**DATA FOR THIS TASK**:

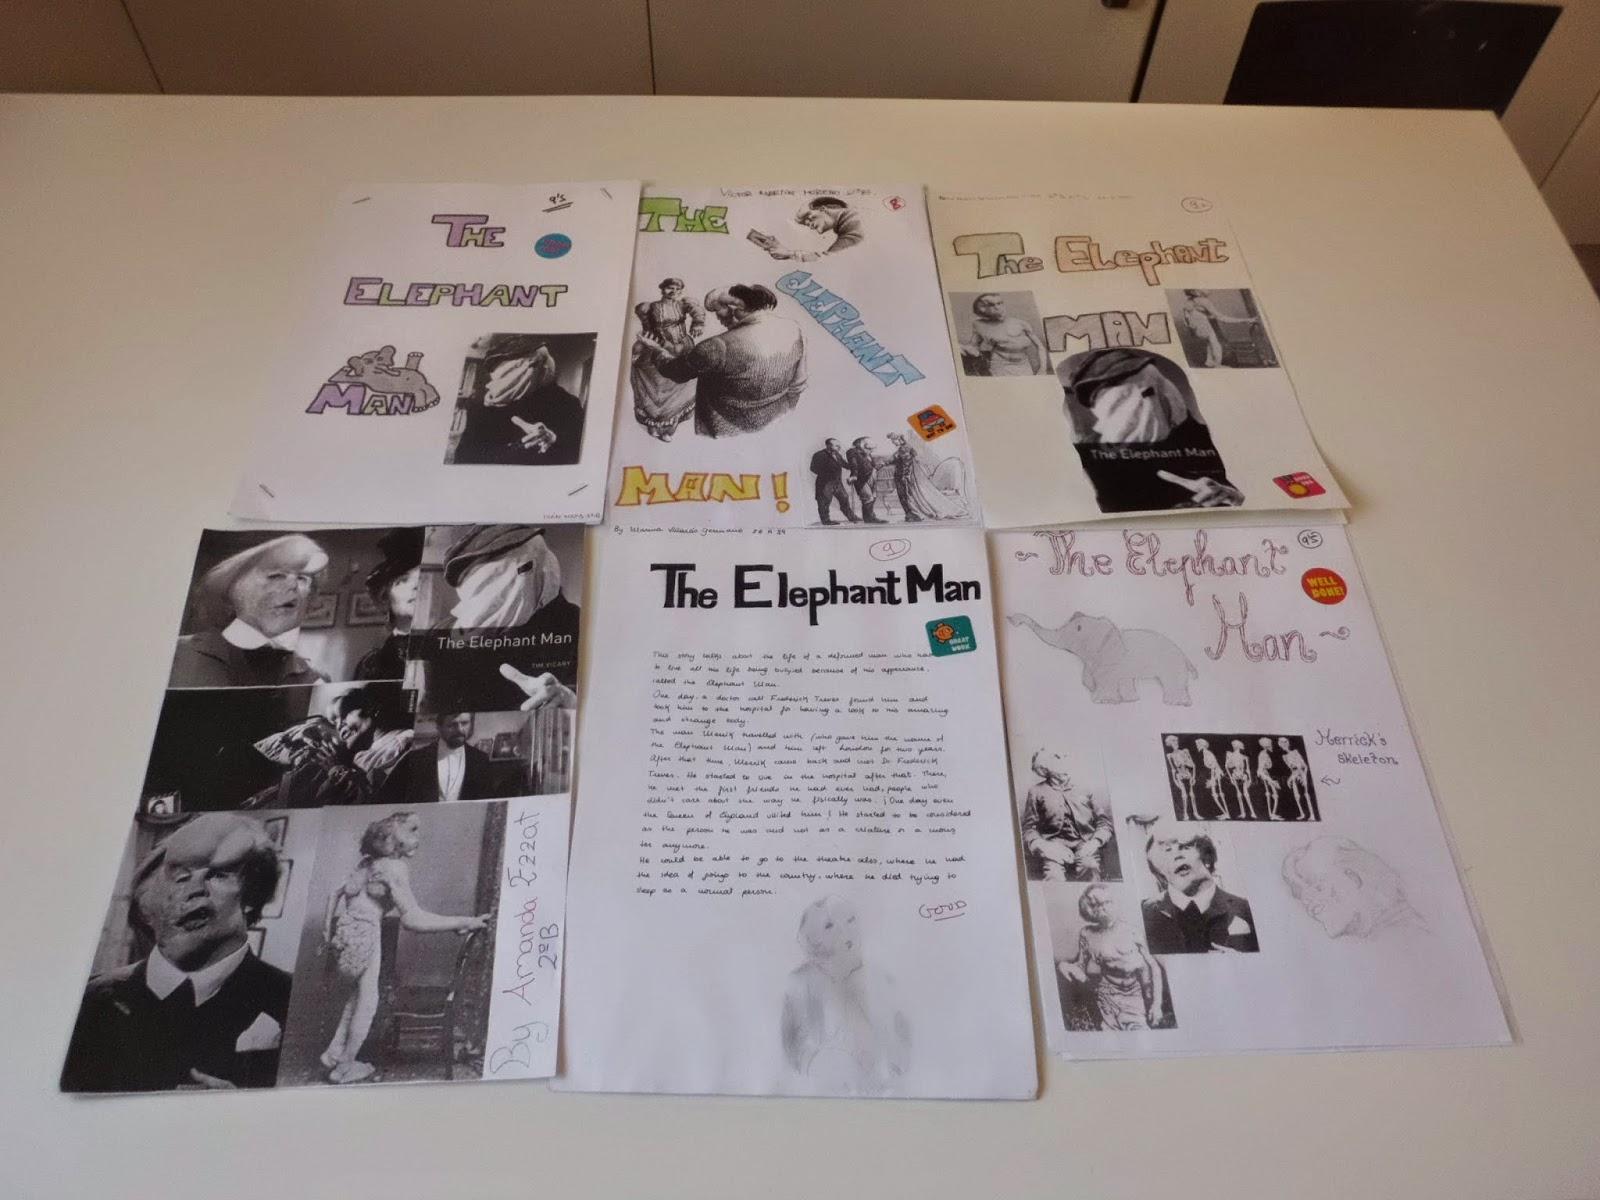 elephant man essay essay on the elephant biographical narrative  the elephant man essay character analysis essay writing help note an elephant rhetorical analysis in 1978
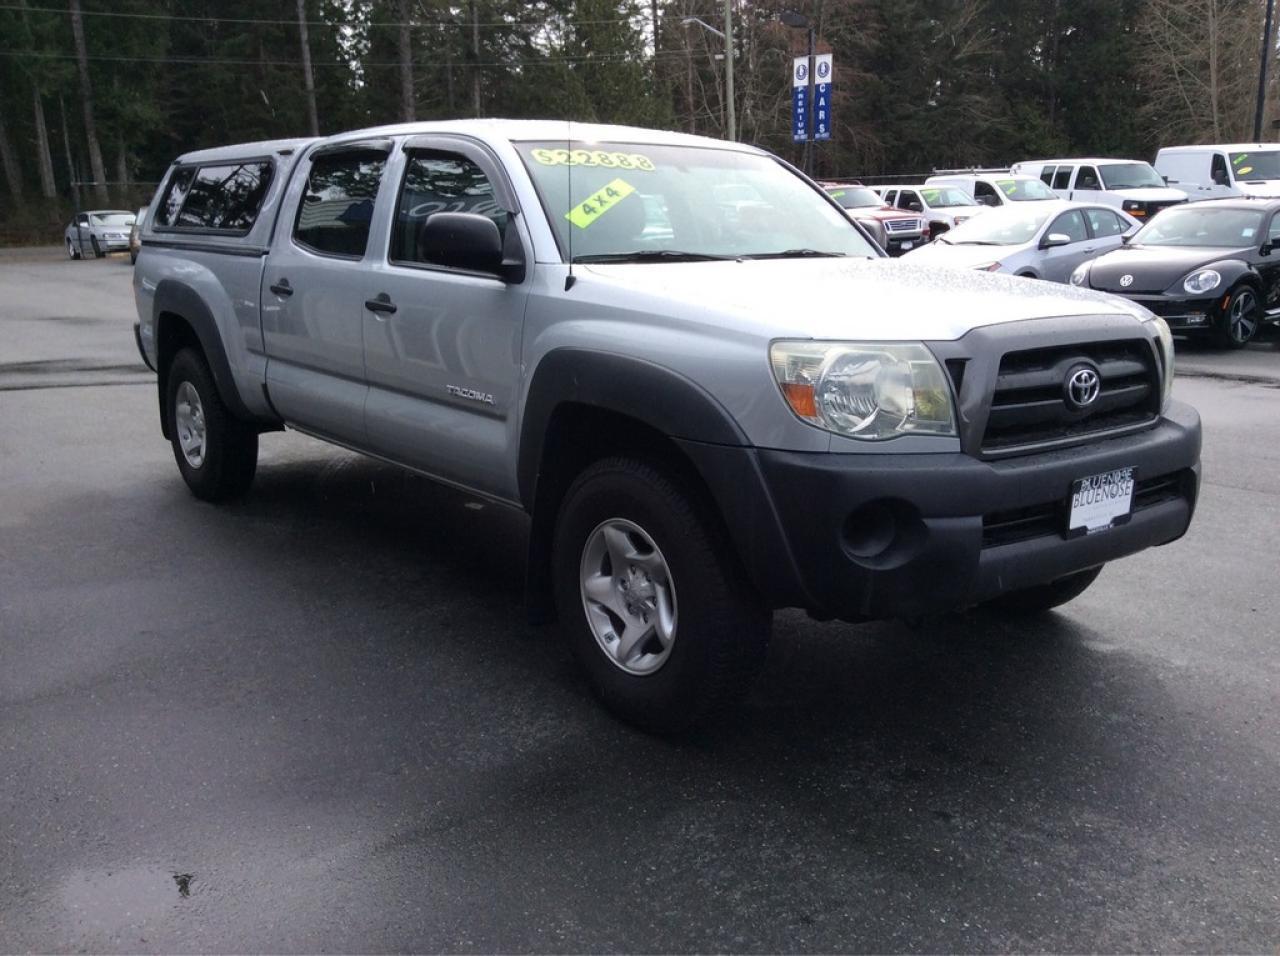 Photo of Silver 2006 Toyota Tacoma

---

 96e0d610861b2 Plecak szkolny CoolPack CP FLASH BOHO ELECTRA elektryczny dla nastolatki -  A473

**AIM OF THE EXERCISE**:
Reproduce the listing above exactly from the line containing "elephant man essay essay" up to and including the line containing "Photo of Silver 2006 Toyota Tacoma", omitting any images and everything outside those lines.

**SOLUTION**:
 elephant man essay essay on the elephant biographical narrative  the elephant man essay character analysis essay writing help note an elephant rhetorical analysis in 1978
 Photo of Silver 2006 Toyota Tacoma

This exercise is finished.